2) Taxonomy of delivery semantics

At-most-once: no repetition, risk of loss (logging, fire-and-forget).
At-least-once: duplicates are possible → consumer idempotence is needed (most queues, webhooks).
Effectively-once: duplicates are possible, but deduplicated correctly (keys, transactions, outbox).

3) When to retract and when not

Retreat makes sense: '408', '429' (observing 'Retry-After'), '425' (Too Early), '499' (client closed on the perimeter), '5xx', '504', network timeouts/breaks, '502' at the gateway, "connection reset."

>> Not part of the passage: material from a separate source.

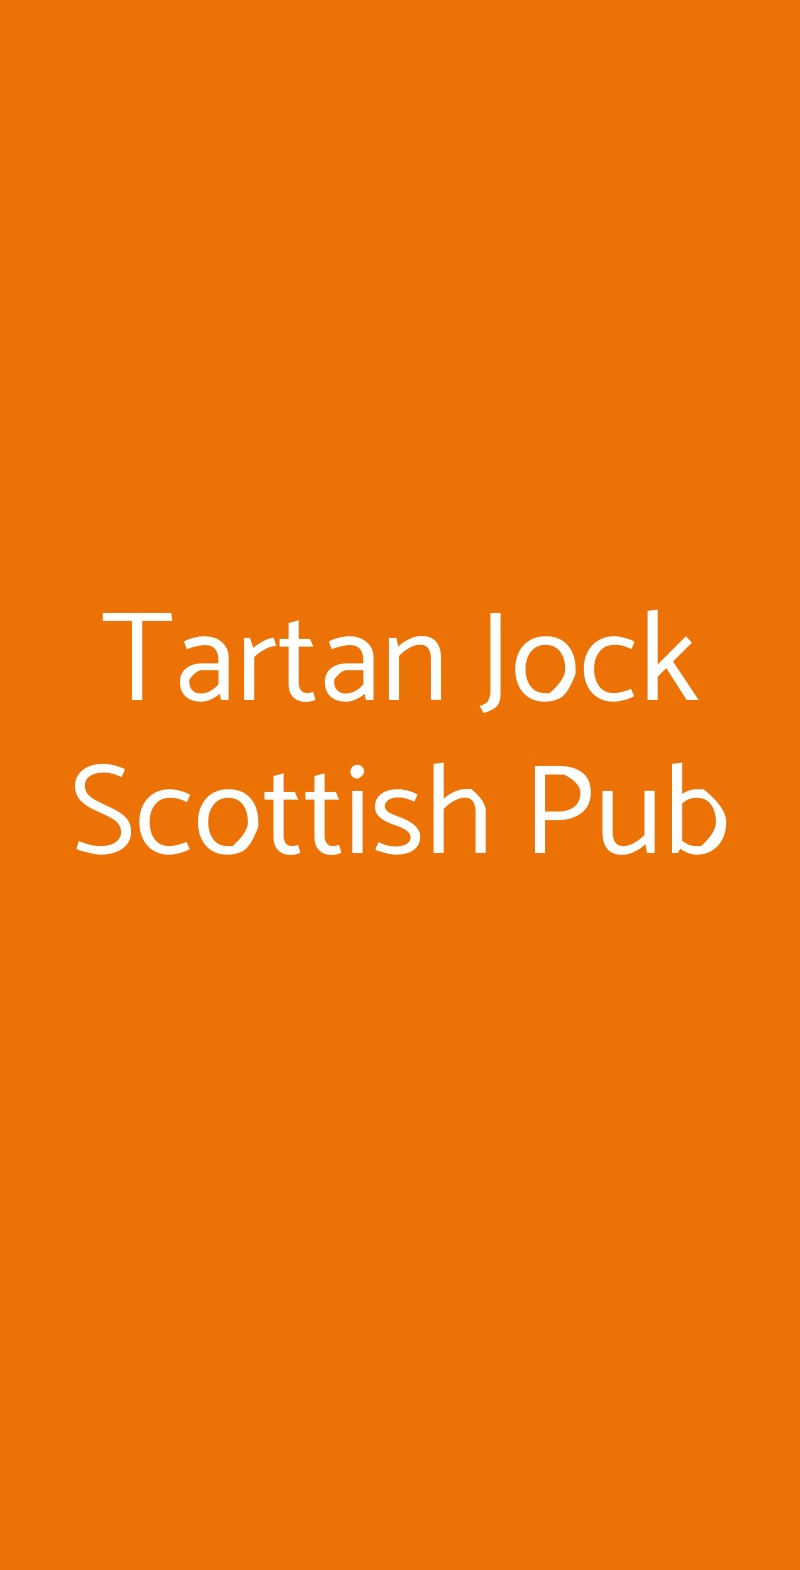 Tartan Jock Scottish Pub Firenze menù 1 pagina

Do not retract without changing the query: '400/ 401/403/404/422'.
Controversial cases: '409 Conflict' (not usually retrayim; first we read the status of the operation/reconfirm the intention).

4) Timeouts, backoff and jitter

4. 1 Rules

First timeout, then retro: each request must have a "deadline."

Exponential backoff: 'delay _ n = base 2 ^ n', limit'max _ delay'.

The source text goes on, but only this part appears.